Monce Selfservice v0.1.0
Memory-augmented extraction for Outlook / email workflows.
Architecture
Diagram
┌──────────────────────────────────────────────────────────────┐
│ Outlook add-in (manifest.xml + addin.js) │
│ ├── user_id (8-char, roaming setting) │
│ ├── attachments + subject + body │
│ └── POST /v1/extract (multipart) │
└───────────────┬──────────────────────────────────────────────┘
│
▼
┌──────────────────────────────────────────────────────────────┐
│ selfservice.aws.monce.ai (FastAPI, t3.small, eu-west-3) │
│ │
│ routes.py /v1/* + /health │
│ memory.py per-user JSON: memories, extractions, │
│ conversations, digests │
│ extract.py forwards to monolith/summit/extract, │
│ logs event, triggers insight distillation │
│ insights.py Haiku 4.5 → JSON bullets → memory │
│ chat.py Sonnet 4.6 grounded on user memory │
│ bedrock.py thin Bedrock Converse client │
│ │
│ data/users/{user_id}/ │
│ memories.json append-only, keyword-scored │
│ extractions.json event log (500 ring buffer) │
│ conversations.json chat history (200 ring buffer) │
│ extractions/{task_id}/result.json full monolith payload │
└───┬──────────────────────────────────────┬───────────────────┘
│ │
▼ ▼
┌─────────────────────────┐ ┌─────────────────────────────┐
│ monolith.aws.monce.ai │ │ Bedrock (eu-west-3) │
│ /summit/extract │ │ Haiku 4.5 (insights) │
│ 7-stage VLM pipeline │ │ Sonnet 4.6 (chat) │
└─────────────────────────┘ └─────────────────────────────┘
Request Lifecycle — POST /v1/extract
- Multipart body parsed:
user_id, files,
email_subject, email_body,
auto_memory.
memory.search_memories() scores the user's memory against
email_subject; top 8 hits become prior_memories.
- Files + params forwarded as multipart to
monolith.aws.monce.ai/summit/extract.

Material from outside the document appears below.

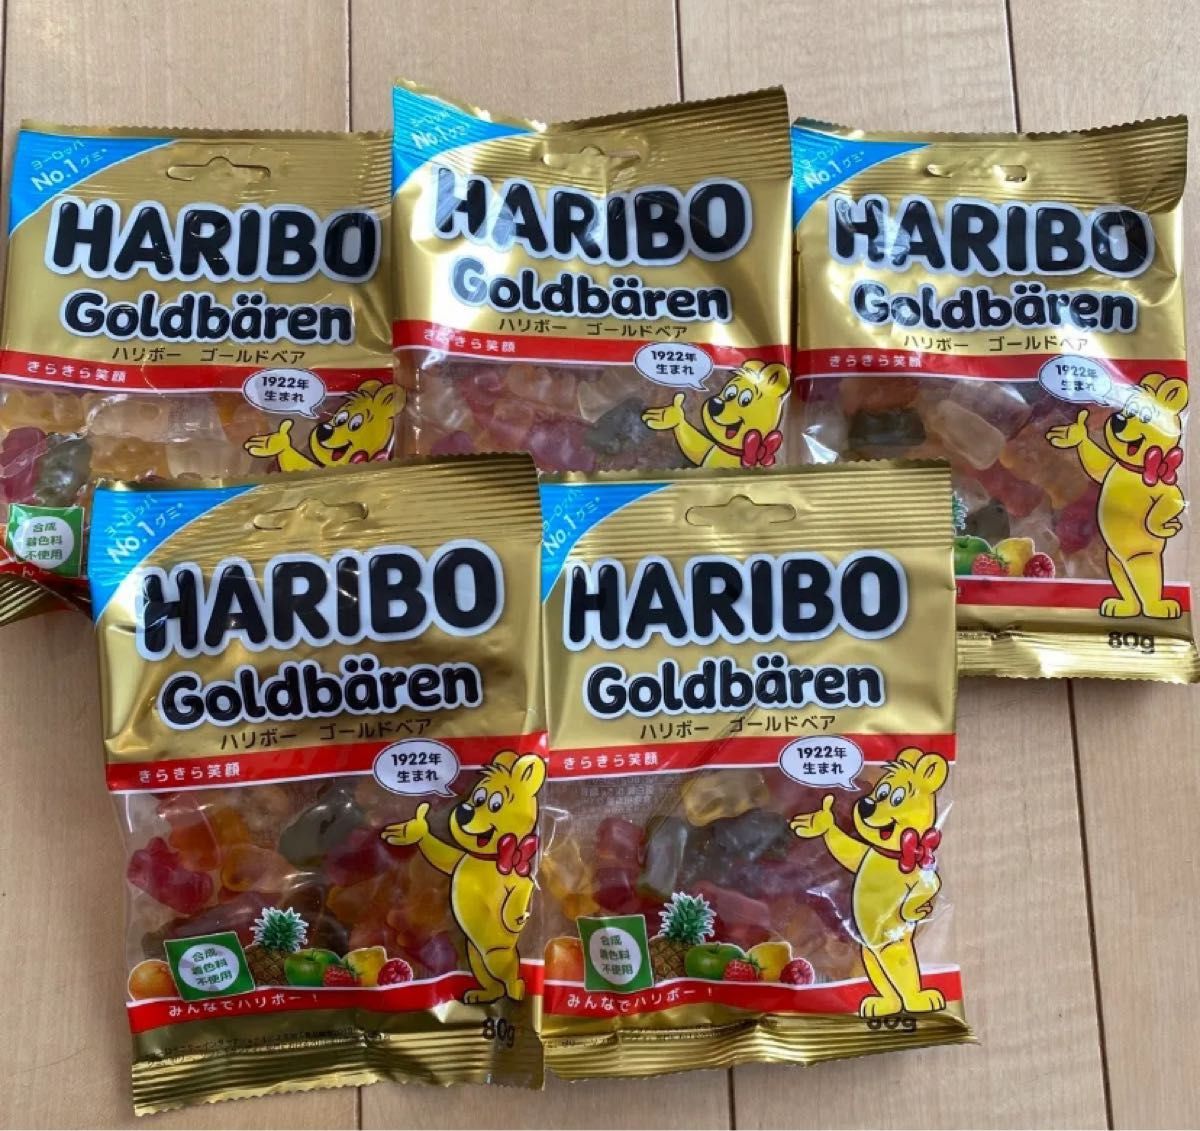 【5個】HARIBO GOLDBEAR ハリボーグミ ゴールドベア 80g

Default timeout 300s.
- Monolith's response payload saved to
data/users/{user_id}/extractions/{task_id}/result.json.
- Lightweight event logged via
memory.log_extraction()
(task_id, filename, vertical, trust, routing, duration).
- A structured memory entry is written tagged
extraction.
- If
auto_memory=true, insights.distill_insights()
fires a Haiku call. Bullets are appended as memories tagged
insight.
- Response:
{task_id, result, insights, prior_memories, duration_ms}.
Endpoints
| Method | Path | What |
| GET | /health | liveness |
| POST | /v1/extract | multipart upload + email context |
| POST | /v1/remember | store arbitrary text memory |
| POST | /v1/forget | delete memories matching substring |
| GET | /v1/recall | keyword-scored memory search |
| GET | /v1/memories | paged list (+ tag filter) |
| GET | /v1/history | past extractions, most recent first |
| POST | /v1/feedback | accept / reject / correct / note |
| POST | /v1/chat | Sonnet grounded on user memory |
| GET | /v1/user/{user_id}/stats | counts |
Infrastructure
| Resource | Value |
| EC2 | t3.small, Ubuntu 22.04 LTS, eu-west-3 |
| VPC | vpc-0c99f4b9ac1d073ad (POC) |
| DNS | selfservice.aws.monce.ai → Route53 zone Z08902341SIIJX80NFN4N |
| SSL | Let's Encrypt via certbot (auto-renew) |
| Service | systemd selfservice.service, gunicorn+uvicorn, 2 workers, port 8002 |
| Reverse proxy | nginx, 300s timeout, 50M upload |
| Storage | /opt/selfservice/data/users/ — per-user JSON |
File Layout
selfservice.aws.monce.ai/
├── api/
│ ├── main.py FastAPI app + CORS + mounts
│ ├── routes.py /v1/* endpoints
│ ├── docs_pages.py /paper /architecture /economics
│ ├── config.py env-driven Config
│ ├── memory.py per-user stores
│ ├── extract.py monolith proxy + event log
│ ├── insights.py Haiku distillation
│ ├── chat.py Sonnet chat
│ └── bedrock.py Bedrock Converse client
├── static/index.html landing
├── addin/ Outlook add-in (manifest + JS + CSS)
├── terraform/ EC2 + SG + Route53 + deploy.sh
└── requirements.txt